In other words, what happens at the time of the exile in Babylon is that there is a shift from Yahweh as a tribal god of the Israelites, to Yahweh as the creator of all things. In other words a shift from thinking about Yahweh as a god (lower case g) to thinking about Yahweh as God (upper case G). This is the real genius of the Hebrews: to be faithful no matter what. They are “a stiff-necked people”, but this steadfastness is why they are the chosen people. God touched them and gave them a way of growing into a greater understanding of the truth.
In other words, to return to my original image, at the time of the exile the Ancient Hebrews stopped thinking of God as being one mouse alongside other mice, but realised that God was in fact an elephant – that he was radically unlike what they had previously believed. From this point onwards, in the Judaic, Christian and Islamic tradition, it is a mistake to think of the standard religious language about God as describing the equivalent of one god amongst other gods – to think of the elephant as a mouse. They are simply not the same sort of thing. To assume otherwise is a category mistake.
Of course, this does not end all the arguments. I would emphasise also that this is not an argument to establish that there actually is an elephant in the room. It remains possible to say that the religious believers are mistaken and that what they believe to be an elephant is in fact simply another mouse, and that the religious believers are deluded in thinking otherwise. Yet to pursue that line of argument necessitates engaging with what is actually claimed about God by the religious traditions, most especially what are seen as the attributes of God such as omniscience and omnipotence and so on. This is something that the most prominent atheists signally fail to do. After all, the finest human minds for thousands of years have pondered the details of this question. It would be something of a surprise if someone like Richard Dawkins, who has never received an education in this subject, was able to overthrow the tradition with his ‘one more god’ jibe.

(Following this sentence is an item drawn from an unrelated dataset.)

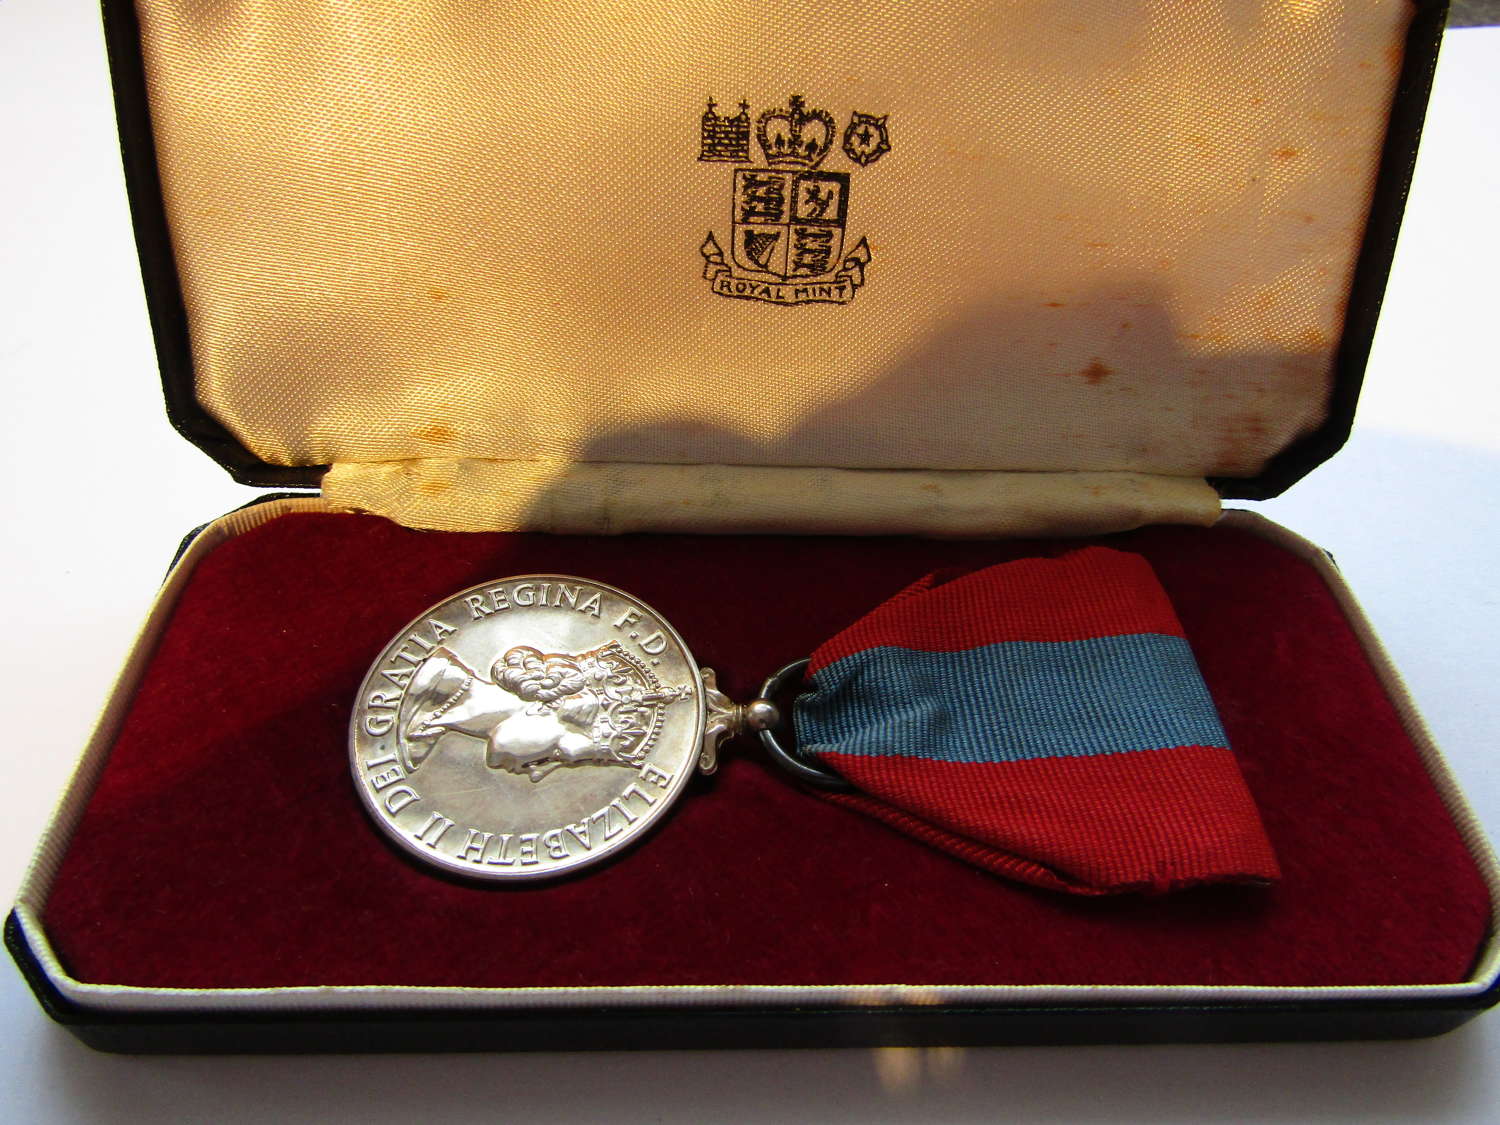 Imperial service medal

Those like Dawkins will undoubtedly continue to insist that mice and elephants are the same, but there comes a point when all the powers of logic and reasoning fail and it is simply a matter of saying ‘look and see’ – but then, some blindness is wilful. Wittgenstein once wrote “… it is not that before you can understand it you need to be specially trained in abstruse matters, but the contrast between understanding the subject and what most people want to see. Because of this the very things which are most obvious may become the hardest of all to understand. What has to be overcome is a difficulty having to do with the will, rather than with the intellect.”